Currently, lesser talents – let me put it another way, less successful talents – are suing Ed Sheeran, Justin Bieber and Justin Timberlake for a share of their huge royalties. But it’s not always that way round. The Stones mercilessly clobbered a barely known Wigan band, the Verve (see, I’m sampling some of this stuff from the ‘M’ website… sorry) for sampling The Last Time – when they had actually got permission, but used too many of the notes. All the royalties and a full writing credit were awarded to Messrs Jagger and Richards, whom I can now only think of as greedy rapacious bastards. Another recent win, the late Marvin Gaye’s family took Pharrell Williams and Robin Thicke for $5 million over a song, Blurred Lines, that sounded to me (I’m an amateur musician) nothing like the original Got to Give it Up, except in some echo of a similar production style the plaintiffs claimed was unique to Mr Gaye.
It seems everyone in the music business has always tried to get a little extra mansion tax from suing everyone else: Wikipedia carries a long and dispiriting (sorry!) account. And with sampling it gets very murky: sampling attribution has become a whole new branch of the legal industry. But needs must, as ‘illegal’ downloading and streaming and burning and Spotiwhatnot is making it ever harder for musos to scrape a living from selling their stuff; although it really all began with the cassette recorder.
Of course, there would be no point in suing the late Harry Carroll and Joseph McCarthy for ‘borrowing’ the melody for the Judy Garland song, I’m Always Chasing Rainbows, wholesale from Frederick Chopin; they gave him full attribution. Anyway, it was already out of copyright. And who knew Mozart wrote Twinkle, Twinkle Little Star?
A note on terminology
A note on terminology: The BBC uses the term migrant to refer to all people on the move who have yet to complete the legal process of claiming asylum.
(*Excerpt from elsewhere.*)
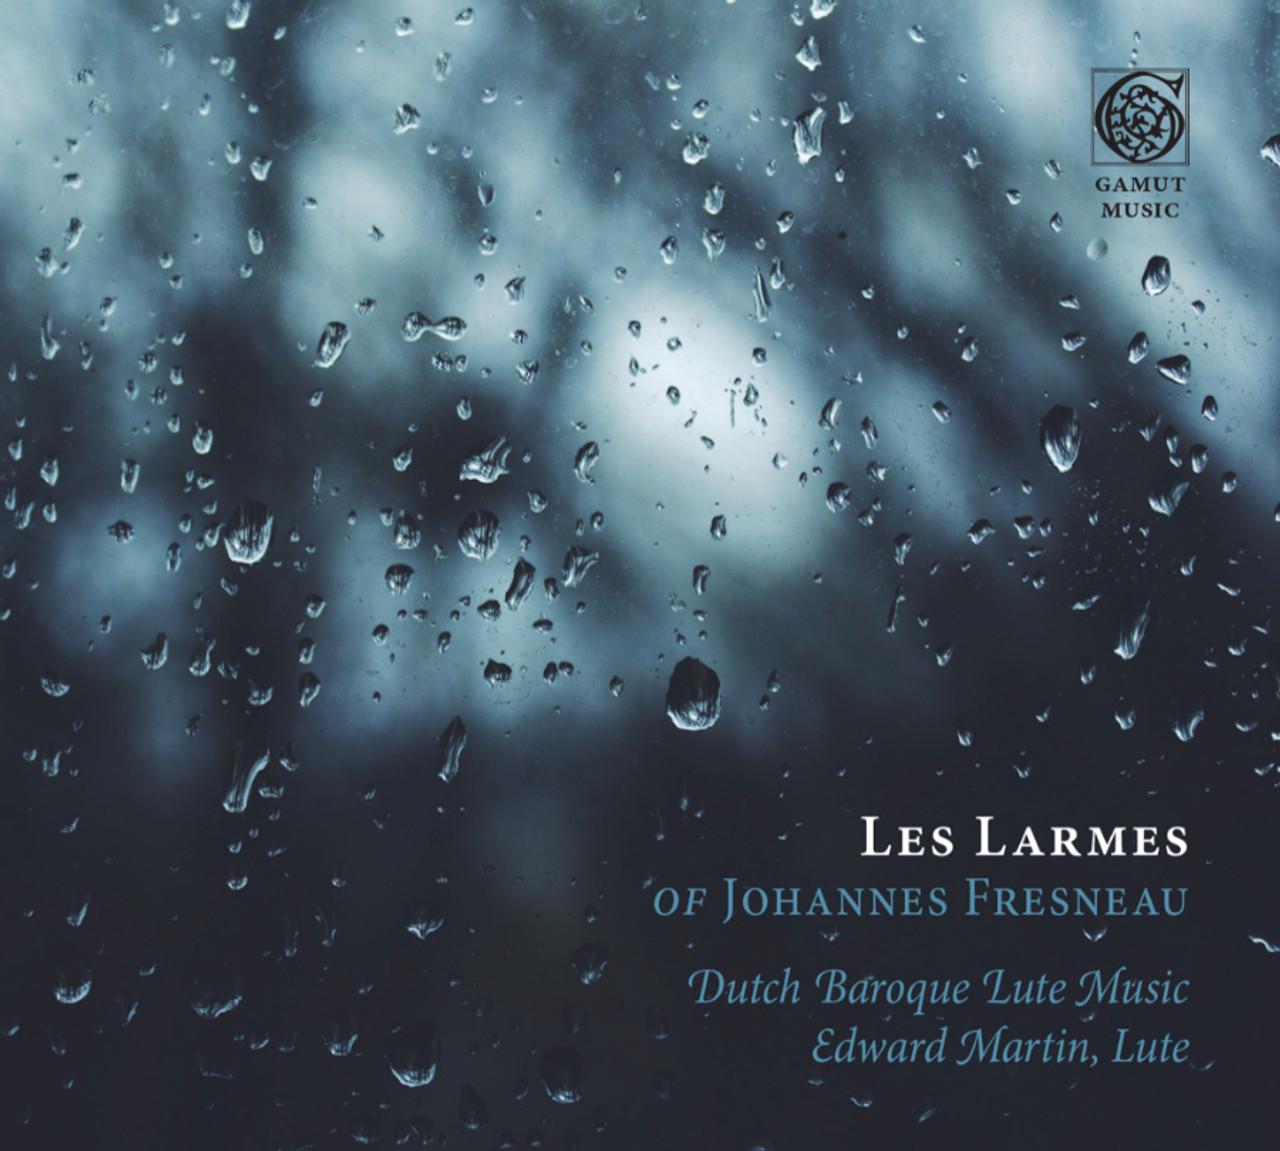 Les Larmes of Johannes Fresneau Digital Download

This group includes people fleeing war-torn countries such as Syria, who are likely to be granted refugee status, as well as people who are seeking jobs and better lives, who (sic) governments are likely to rule are economic migrants.
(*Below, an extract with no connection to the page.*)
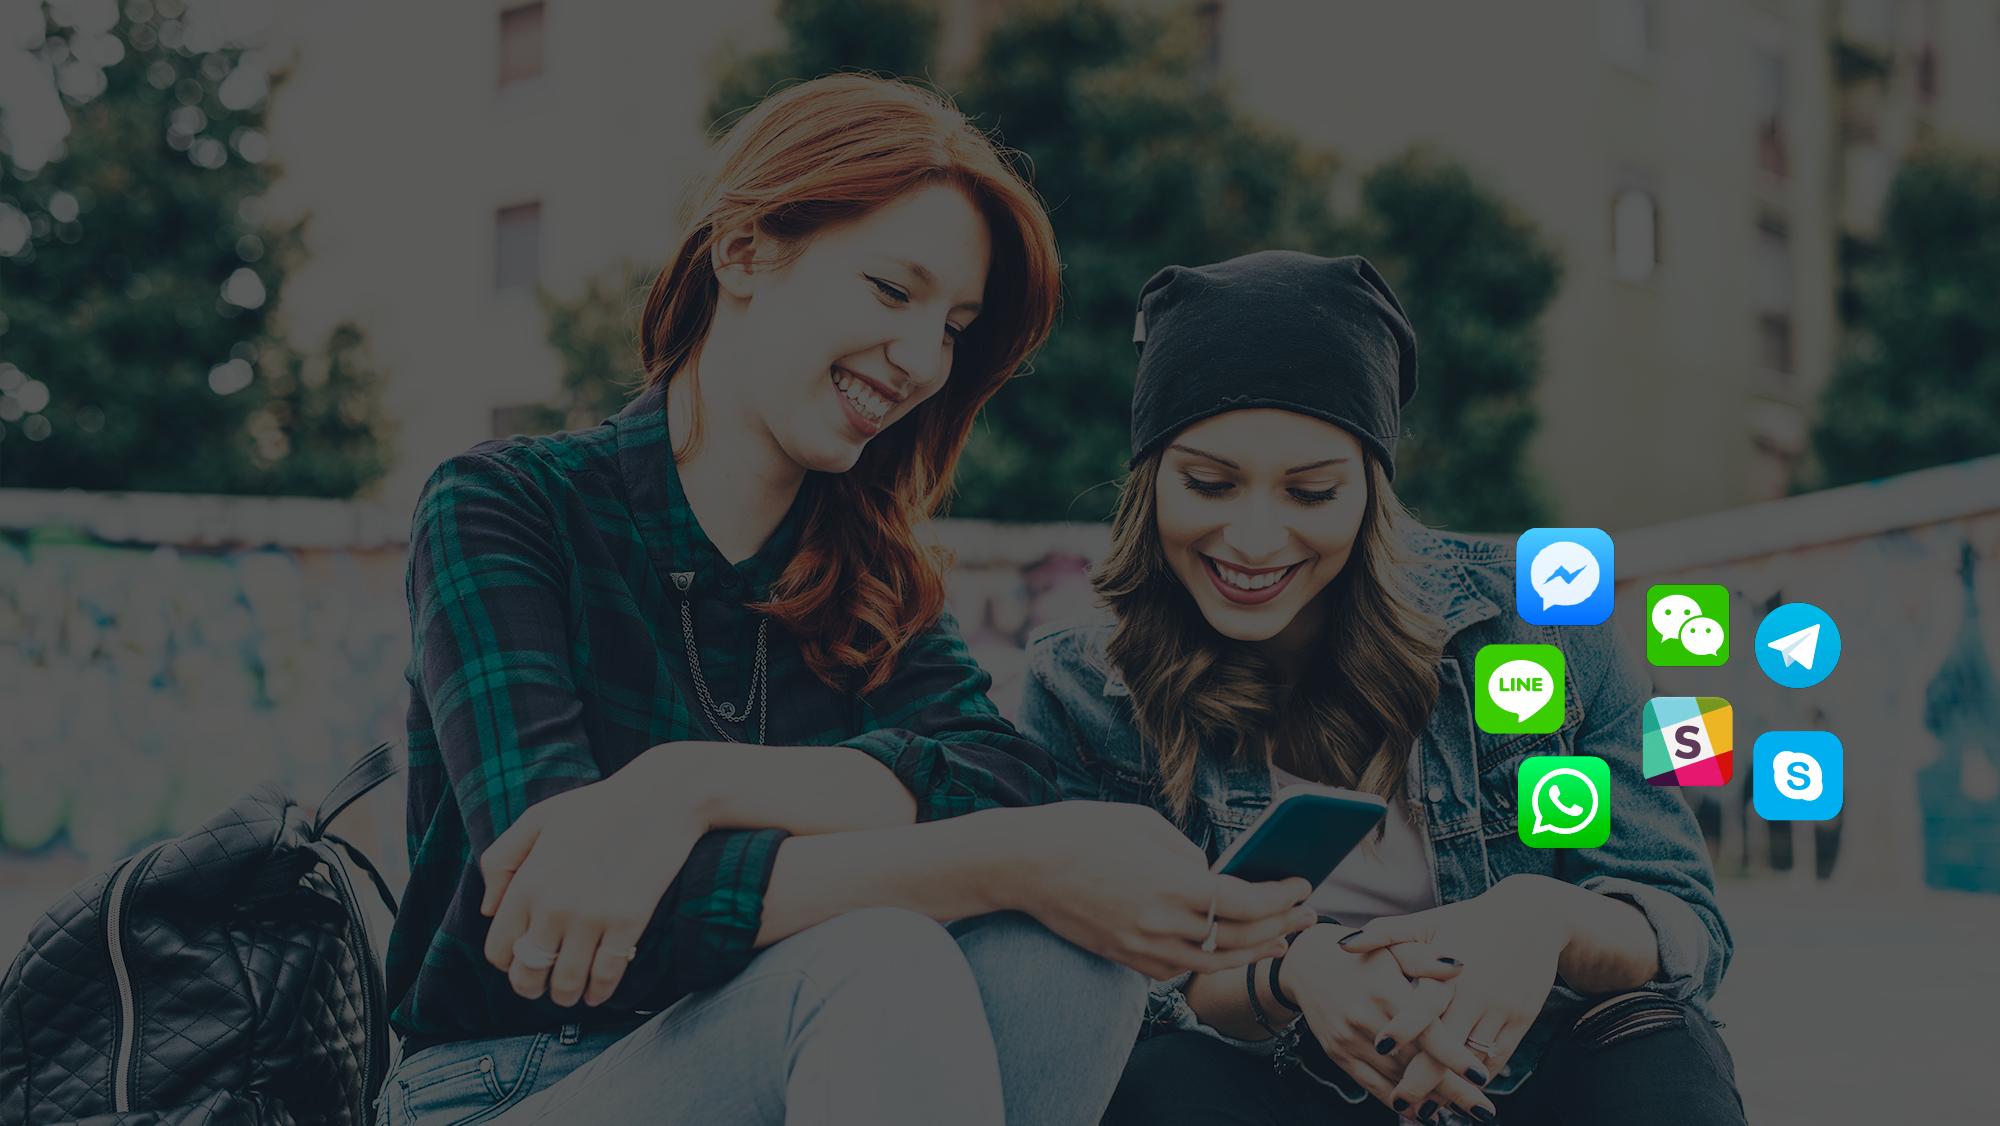 Easychat facebook cover 2019_plain
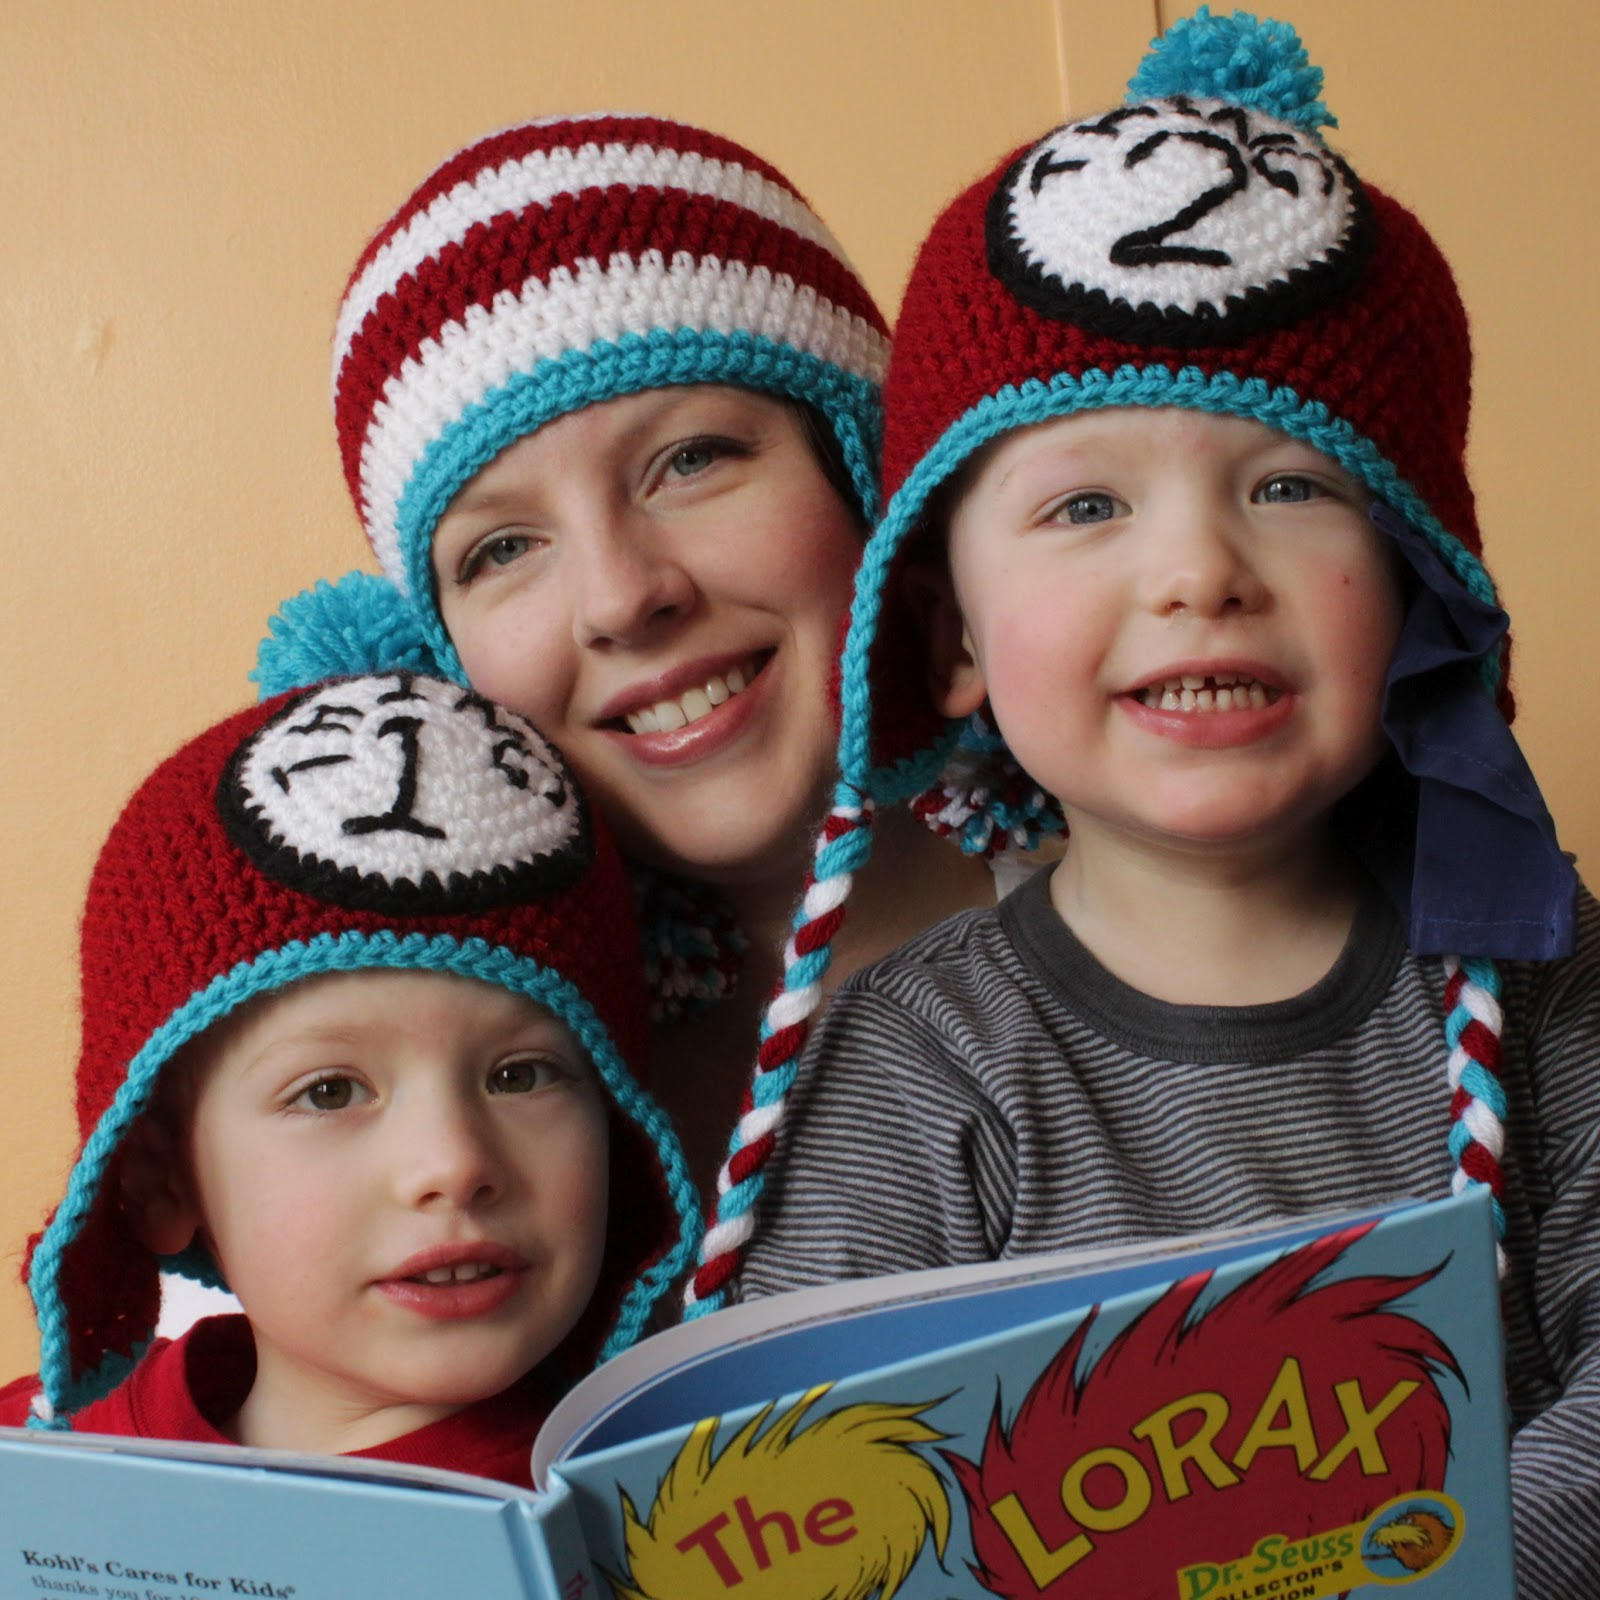 http://3.bp.blogspot.com/-PfCIu9aV8iM/T1BPgzQMoNI/AAAAAAAABhI/zZ2L6hgP7Rw/s1600/Dr.-Seuss-Crochet-Hats.jpg

*Official explanation on the BBC News website
From the Office of Herr Professor Doktor Ernst von-und-zu Bogl, Boglheim am Rhein, 18 June (for it is he):
“In line with the BBC’s lazy and stupid policy of discriminating against foreigners in general (provided, of course, we are moving – the others are probably dead) by lumping us together under the single, arguably pejorative heading of ‘migrants’, thus enabling the Daily Mail to write pithier, more encapsulated headlines and Boris Johnson to tell bigger porky-pies, the Board of Trustees of the Boglington Post have decided to use the term ‘freeloading tossers’ to collectively refer to the BBC Board of Governors, Director-General Tony ‘Haw-Haw’ Hall, Head of News, Mr Jams ‘Brexit’ Harding and any or all of the serried ranks of smug, self-congratulatory unicorns at Broadcasting House helping themselves to salaries of £300,000 a year-plus out of our licence money just for shoaling around in glass and chrome fishtanks, sipping latte Macchiati and talking cleverly in their obscure foreign dialect, while the programmes endlessly recycle.”